BACKGROUNDRecent years have seen an increased interest in Insensitive Munitions (IM) that reduce the probability of inadvertent activation and/or reduce the level of reaction when the munition is subjected to unwanted stimuli, such as a fire, slow heating, or bullet/fragment impact, and which furthermore are designed to minimize collateral damage in the event of an inadvertent activation.
Prior art techniques for reaching low vulnerability (LOVA) reactions are unsatisfactory in a number of respects. For example, some designs involve equipping ammunition with relatively expensive LOVA energetic materials. In other designs, complex and expensive rupture mechanisms are incorporated to release excessive and instantaneous pressure. In others, the designs include complex and expensive mechanisms comprising fusible materials allowing for the release of pressure buildup. While some designs have incorporated rupture mechanisms, such as preferred fracture patterns along a longitudinal axis of the munition, empirical testing of such designs indicate that inadvertent activation may still cause a large number of shrapnel segments and significant collateral damage when non-LOVA energetic materials such as single or multi-base propellants are used.
Accordingly, there is a long-felt need for robust, cost-effective methods of reducing the sensitivity of munitions (and other containers holding energetic material) to external stimuli such as fire, slow heating, and impact. Other desirable features and characteristics of the present invention will become apparent from the subsequent detailed description and the appended claims, taken in conjunction with the accompanying drawings and the foregoing technical field and background.
SUMMARY OF THE DISCLOSUREIn accordance with one embodiment, a container comprises a body structure including a wall defining a cavity configured to accept an energetic material, the body structure having a central region situated longitudinally between a first side region and a second side region, wherein the wall within the central region has a thickness that is less than the thickness of the wall within the first region and either less than or equal to the thickness of the wall within the second side region.
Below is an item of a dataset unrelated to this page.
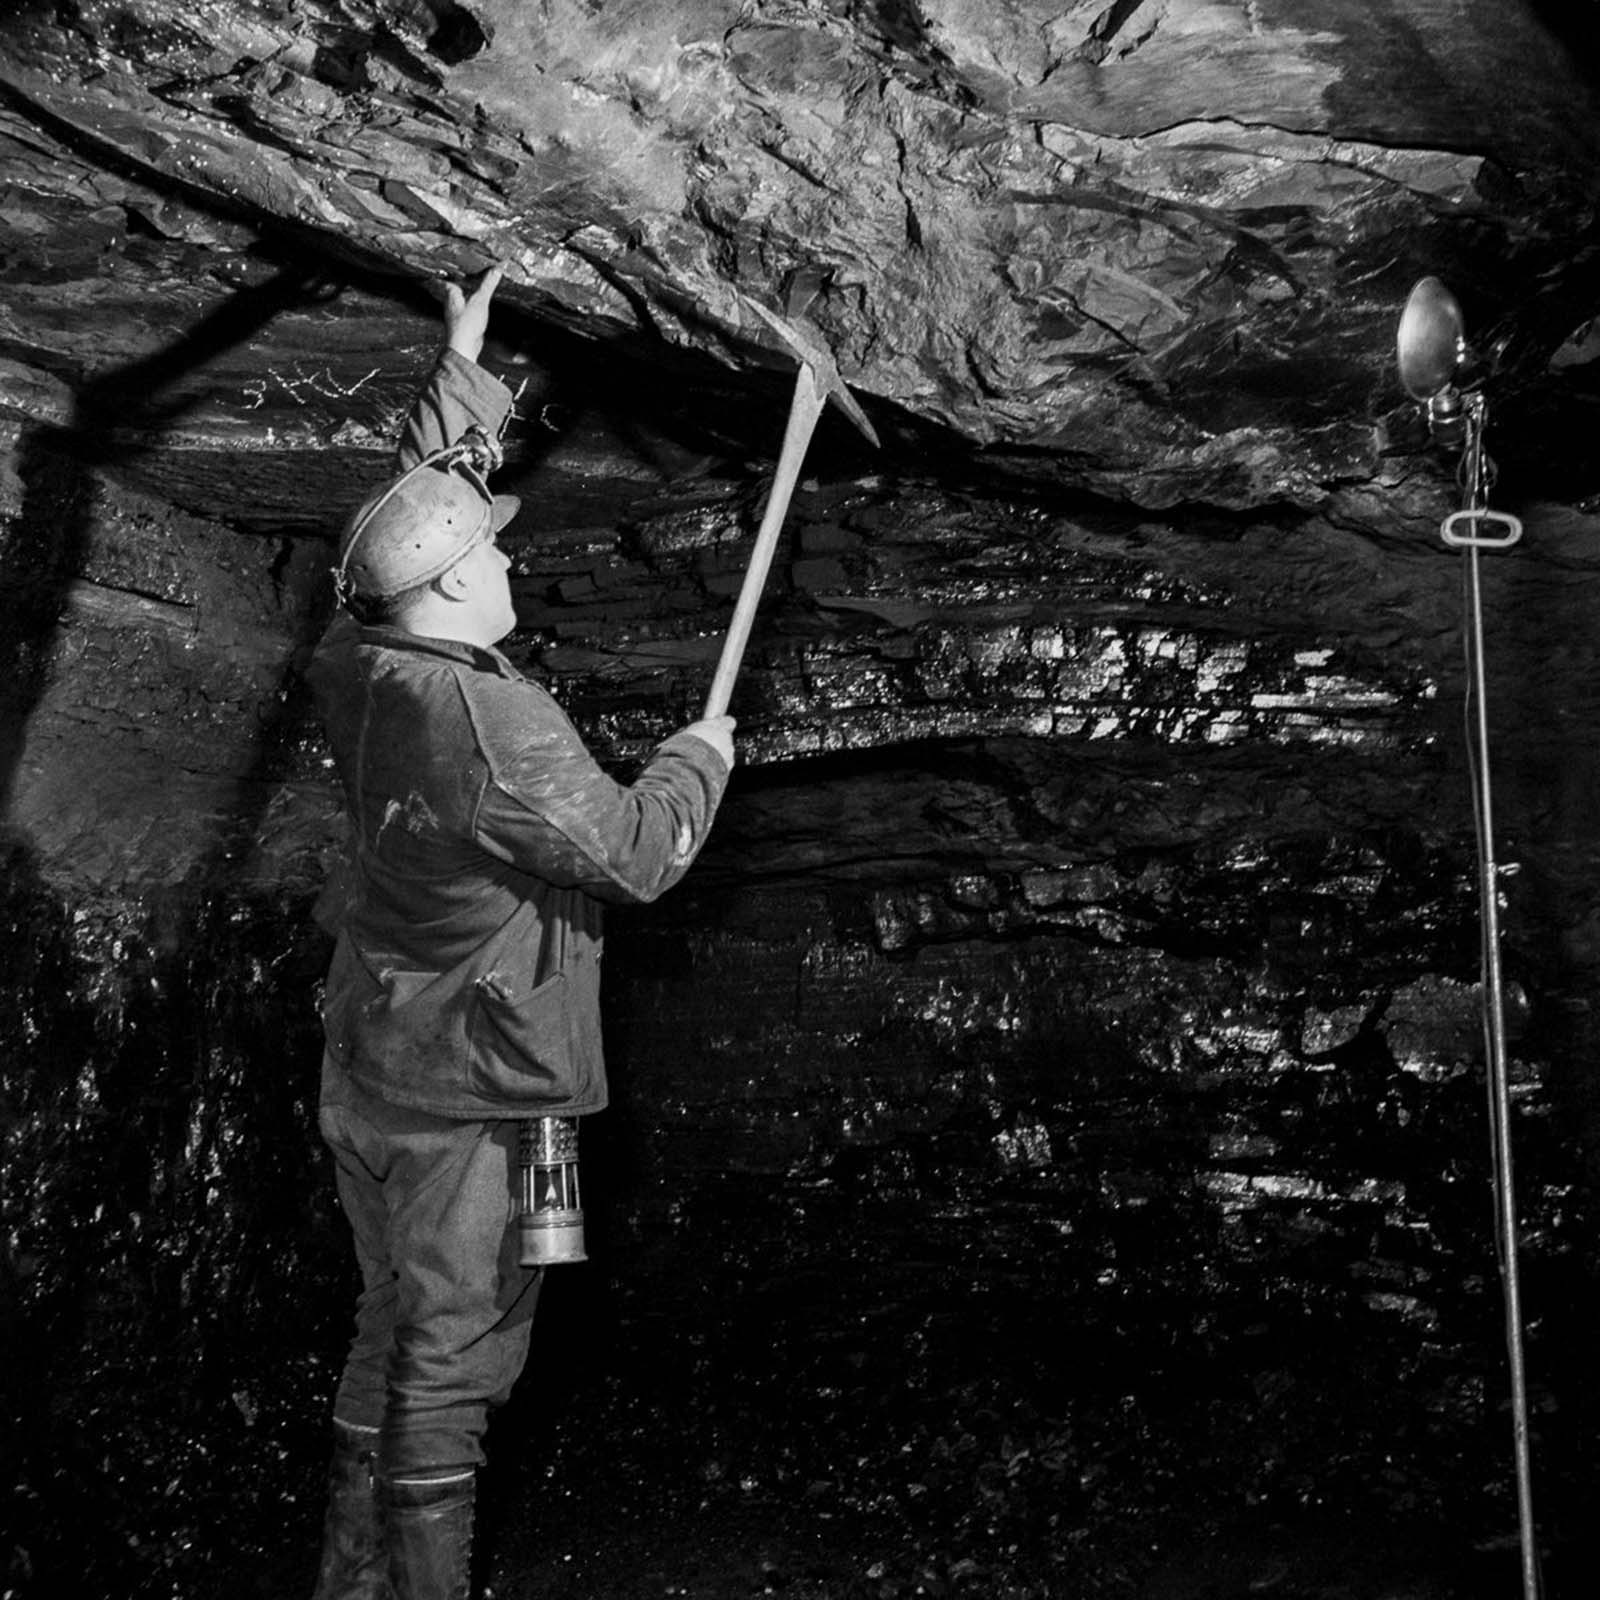 The dangerous lives of Pennsylvania coal miners captured in rare

A strength reduction pattern is formed at least partially within the central region of the wall such that the strength reduction pattern provides a preferred rupture path when the energetic material is subjected to a predetermined external stimulus, wherein the preferred rupture path diverges at least in part from the longitudinal axis.
In accordance with one embodiment, a method of manufacturing a container includes first forming a body structure that includes a wall defining a cavity configured to accept an energetic material such that the body structure has a central region situated longitudinally between a first side region and a second side region, wherein the wall within the central region has a thickness that is less than the thickness of the wall within the first region and either less than or equal to the thickness of the wall within the second side region. The method further includes forming a strength reduction pattern at least partially within the central region of the wall such that the strength reduction pattern provides a preferred rupture path when the energetic material is subjected to a predetermined external stimulus, wherein the preferred rupture path diverges at least in part from the longitudinal axis.
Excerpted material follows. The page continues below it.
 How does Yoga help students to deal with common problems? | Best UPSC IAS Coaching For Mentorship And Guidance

The exemplary embodiments will hereinafter be described in conjunction with the following drawing figures, wherein like numerals denote like elements, and wherein:
In general, the subject matter described herein relates to improved, cost-effective methods for reducing the sensitivity of munitions and other containers holding energetic material.
As a preliminary matter, there is no intention to be bound by any expressed or implied theory presented in the preceding technical field, background, brief summary or the following detailed description. Embodiments of the present disclosure may be described herein in terms of functional and/or logical block components and various processing steps. In addition, those skilled in the art will appreciate that embodiments of the present disclosure may be practiced in conjunction with any number of systems, and that the container designs described herein are merely various exemplary embodiments of the present disclosure. For the sake of brevity, conventional techniques related to the behavior of energetic material (such as propellants), ammunition manufacturing, metalworking, strength of materials, and other functional aspects of the systems (and the individual operating components of the systems) may not be described in detail herein.
Referring now to
Referring now to
In one embodiment, the wall 110 within the central region 142 has a thickness that is reduced from 25% to 45% and that is approximately 45% to 55% of the thickness of the wall in the first side region 141, and a thickness that is approximately 70% to 100% of the thickness of the wall in the second side region 144. As an example, the thickness of the central region 142 of a crimped brass cartridge case filled with single base propellant would need to be approximately 55% to 75% the thickness of the central region of a typical case, in order to sustain the stresses associated with the loading and the firing of the ammunition in an automatic weapon system and at the same time for the case to be weak enough to obtain the desired reaction when exposed to undesired external stimuli.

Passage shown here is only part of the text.